Steven Brill sat down with The New York Observer last week to talk about a wide variety of media issues, including his new, tantalizingly undefined project with former New York Times Executive Editor Jill Abramson. While he was at it, he shared his less-than-flattering opinion of Chris Hughes, the owner of The New Republic.
Brill’s falling-out with Hughes dates back to 2012, when Hughes, who had just acquired the magazine, met with Brill and bought, sight unseen, his magnum opus on health care costs, promising that it would grace the cover of the relaunch issue.
I went home and told my wife that I was going to do that health care thing for The New Republic.

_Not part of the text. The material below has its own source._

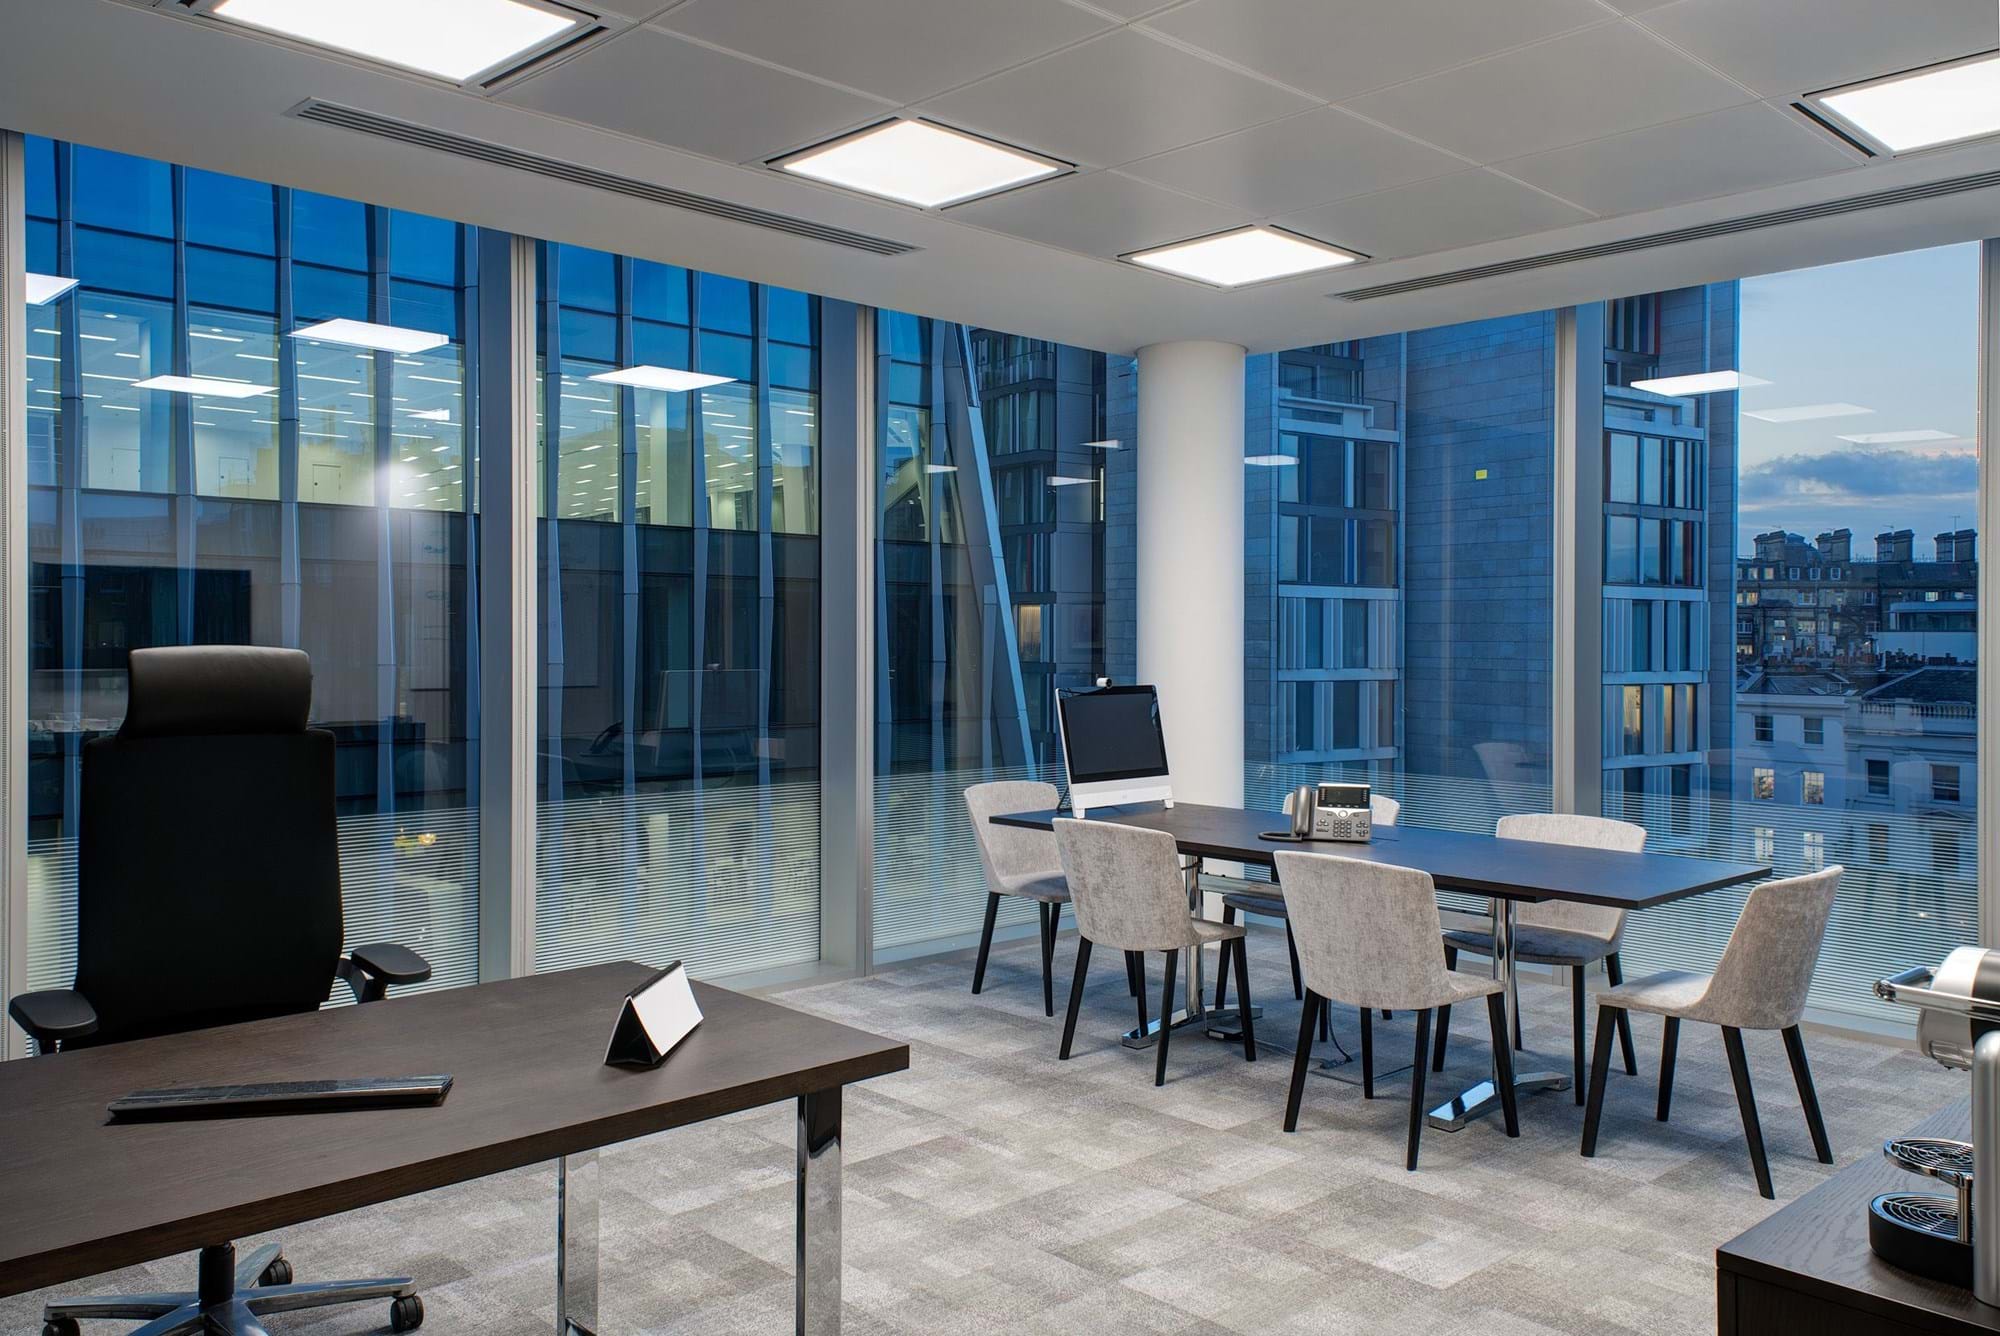 Modus Workspace office design, fit out and refurbishment - Dimension Data - Dimension Data 19 highres sRGB.jpg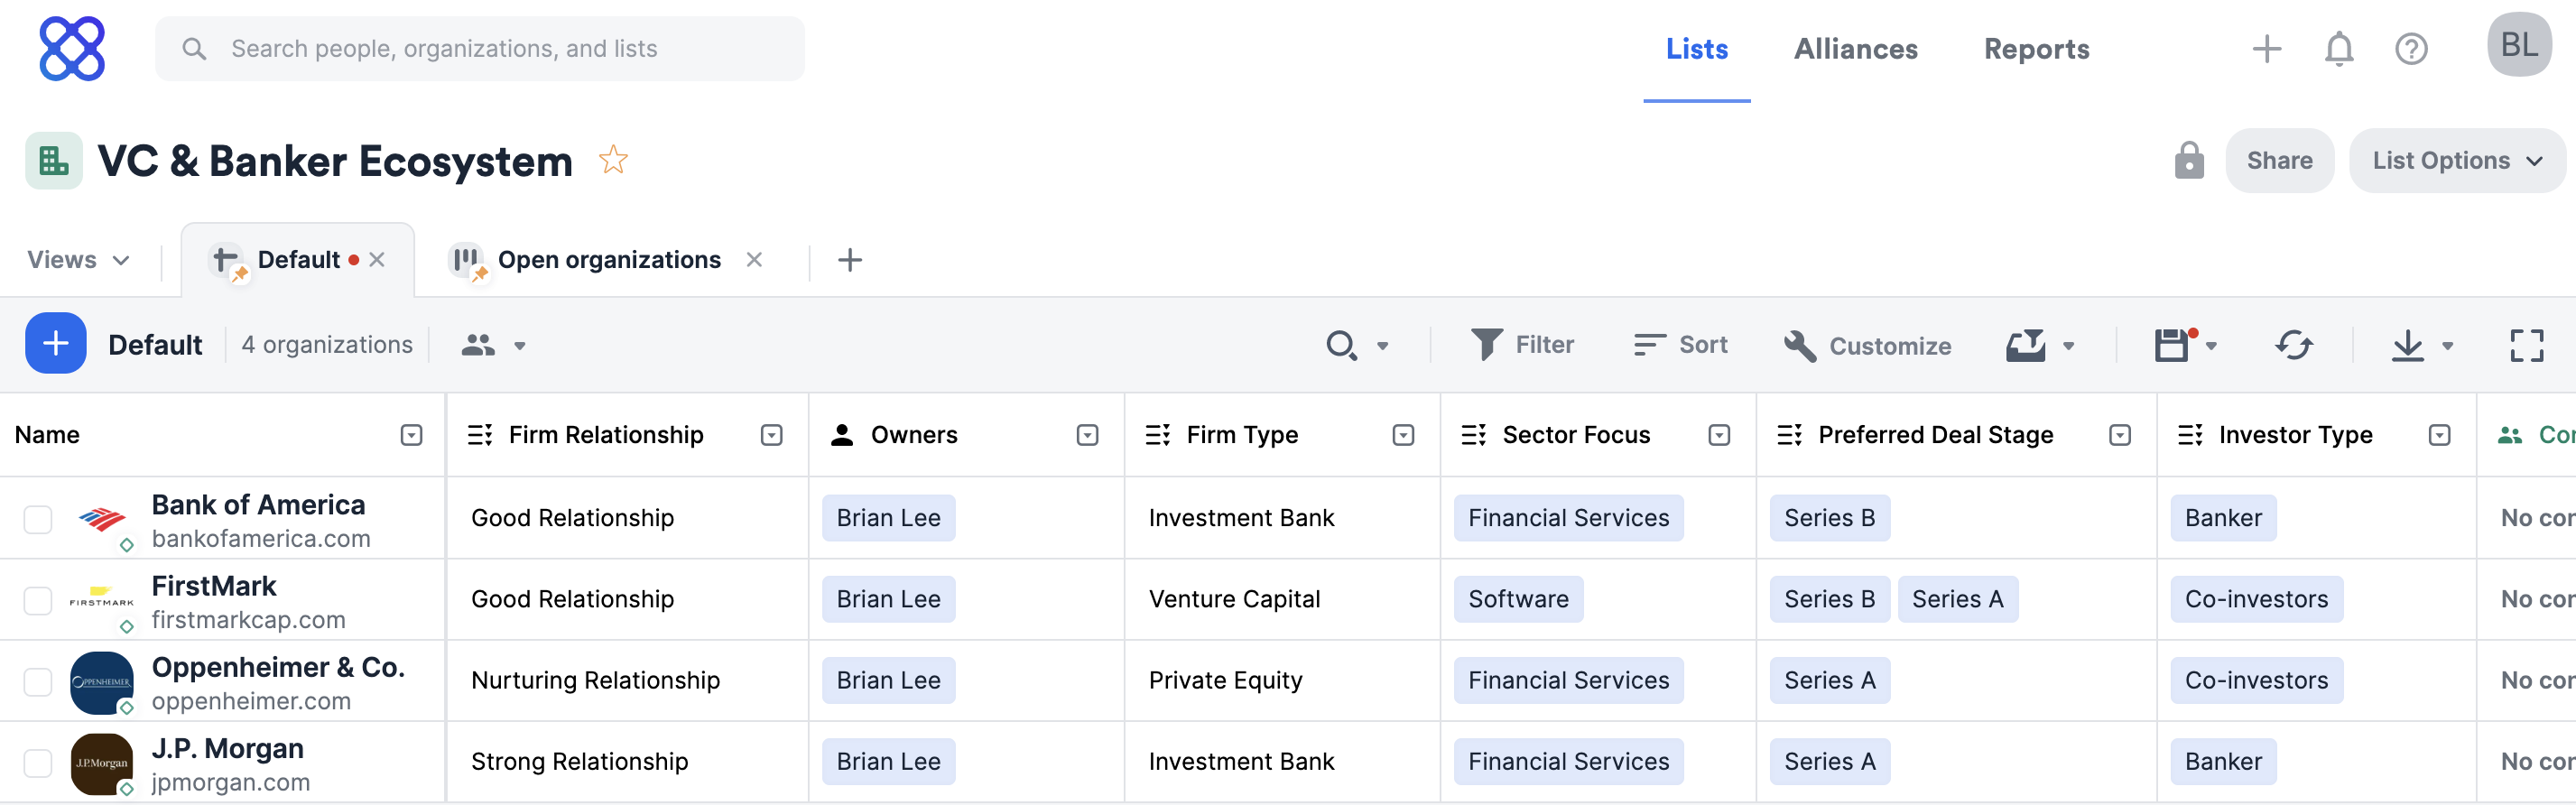 VC_and_Banker_Ecosystem_List.png

She said, “God, are you a schmuck. You should give it to Remnick.”
As for the notorious moment when Hughes replaced the story with a Barack Obama interview at the last minute, Brill said that a star-struck Hughes just couldn’t get over the fact that the president was willing to talk to him.
Obama’s giving interviews out like candy and presidential interviews always suck. He said no, it’s an exclusive interview in the Oval Office. He must have repeated Oval Office nine times, like he couldn’t believe he was getting to go to the Oval Office.
Brill added that when Hughes laid off editor Franklin Foer and cut the production schedule, prompting editors to quit en masse in December, that was just the bungling of a young kid:
That is exactly the kind of rookie mistake I would make at 29,” Brill said. “So the mistake was easy to give him a pass on. But lying to me wasn’t.
In the end, he joked, Hughes did him a favor by pushing his story off the front page and giving him the chance to run it in Time Magazine. “Thank God that this guy Chris Hughes is not a man of his word.”